‘Emma is a fool.’
‘Only you must not be angry with me. I would have said nothing without cause, but when it comes to this,—and he is pretending to be reformed.’
‘Well, so he might be if you would let him.’
‘But, Arthur!’ then eagerly seizing a new hope, ‘you don’t mean that he is really improving? Oh! has he given up those horses, and released you?
He turned petulantly away. ‘How can he? You have taken away any chance of it now. You have done for him, and it is of no use to go on any more about it.’
He marched off to his own abode, while she was obliged to sit down under the verandah to compose herself before Theodora should see her.
Theodora perceived that much was amiss; but was spared much anxiety by not being with the family, and able to watch her brother. The cottage was completely furnished from the wreck of Martindale; but the removal thither was deferred by her slow recovery. Though not seriously ill, she had been longer laid up than had been anticipated in a person so healthy and strong; the burns would not heal satisfactorily, and she was weak and languid. It seemed as if the unsparing fatigues she had been in the habit of undergoing; her immoderate country walks—her over late and over early hours, had told on her frame, and rendered the effects of her illness difficult to shake off. Or, thought Violet, those tidings might be the secret cause, although she never referred to them, and continued not merely patient, but full of vigour of mind, cheerful, and as independent and enterprising as submission to orders permitted. Her obedience to irksome rules was so ready and implicit, that Violet marvelled, till she perceived that it was part of her system of combat with self-will; and she took the departure of her sister in the same manner, forbearing to harass Violet with lamentations; and when her mother deplored it, made answer, ‘It is my fault. If I had not persuaded Arthur out of living at Brogden, we should be staying with them.’

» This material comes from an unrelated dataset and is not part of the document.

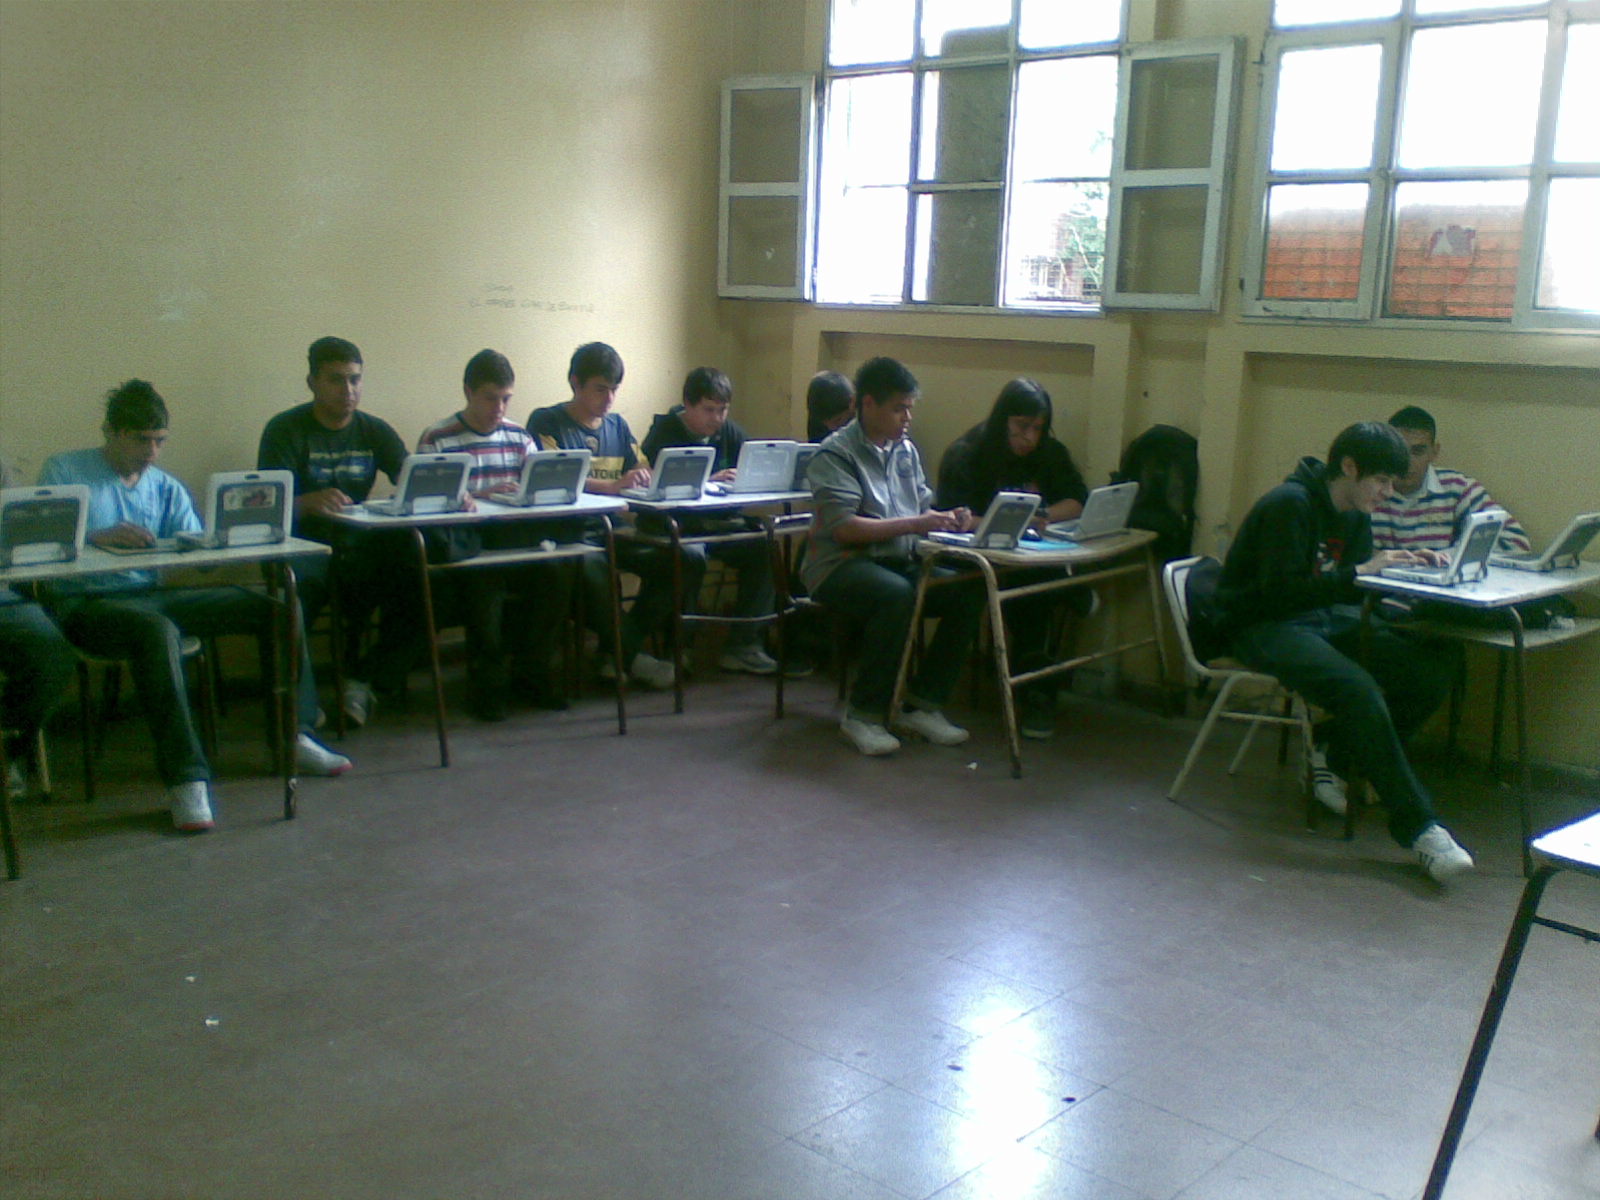 Alumnos de una escuela tecnica trabajando con computadoras. Se observa una disposición tradicional del espacio aulico.

As to the chance of permanent disfigurement, she treated it very coolly, listening with indifference to her mother’s frequent inquiries of the surgeon. ‘Never mind, mamma, you and Violet will keep up the beauty of the family till Helen comes out.’
The first time she was able to come down-stairs was the last evening before they were to depart. One of Arthur’s sparks of kindly feeling awoke when he beheld his once handsome, high-spirited sister, altered and wrapped up, entering the room with an invalid step and air; and though she tried to look about in a bright ‘degage’ manner, soon sinking into the cushioned chair by the window with a sigh of languor. The change was greater than he had anticipated from his brief visits to her in her bed-room; and, recollecting the cause of the injuries, he perceived the ingratitude of depriving her of Violet; but his contrition came too late, for he had already exchanged his leave of absence with another officer.
All that was in his power was to wait upon her with that engaging attention that rendered him so good a nurse. He was his pleasantest self, and she was so lively as to put every one else into good spirits. It was pretty to see the universal pleasure in her recovery—the weeding woman, going home late, and looking up at the window to see if she was there, as Miss Helen had promised, and curtseying, hardly able to speak for joy and grief together, when Theodora beckoned her to the window, and asked after her children. The dumb page, too, had watched an hour for her crossing the hall and when Arthur would have taken the tea from him, to hand to her, he gave such a beseeching glance as was quite irresistible, and the more affecting as Theodora’s hands were not yet in condition to converse with him, and she was forced to constitute Johnnie her interpreter.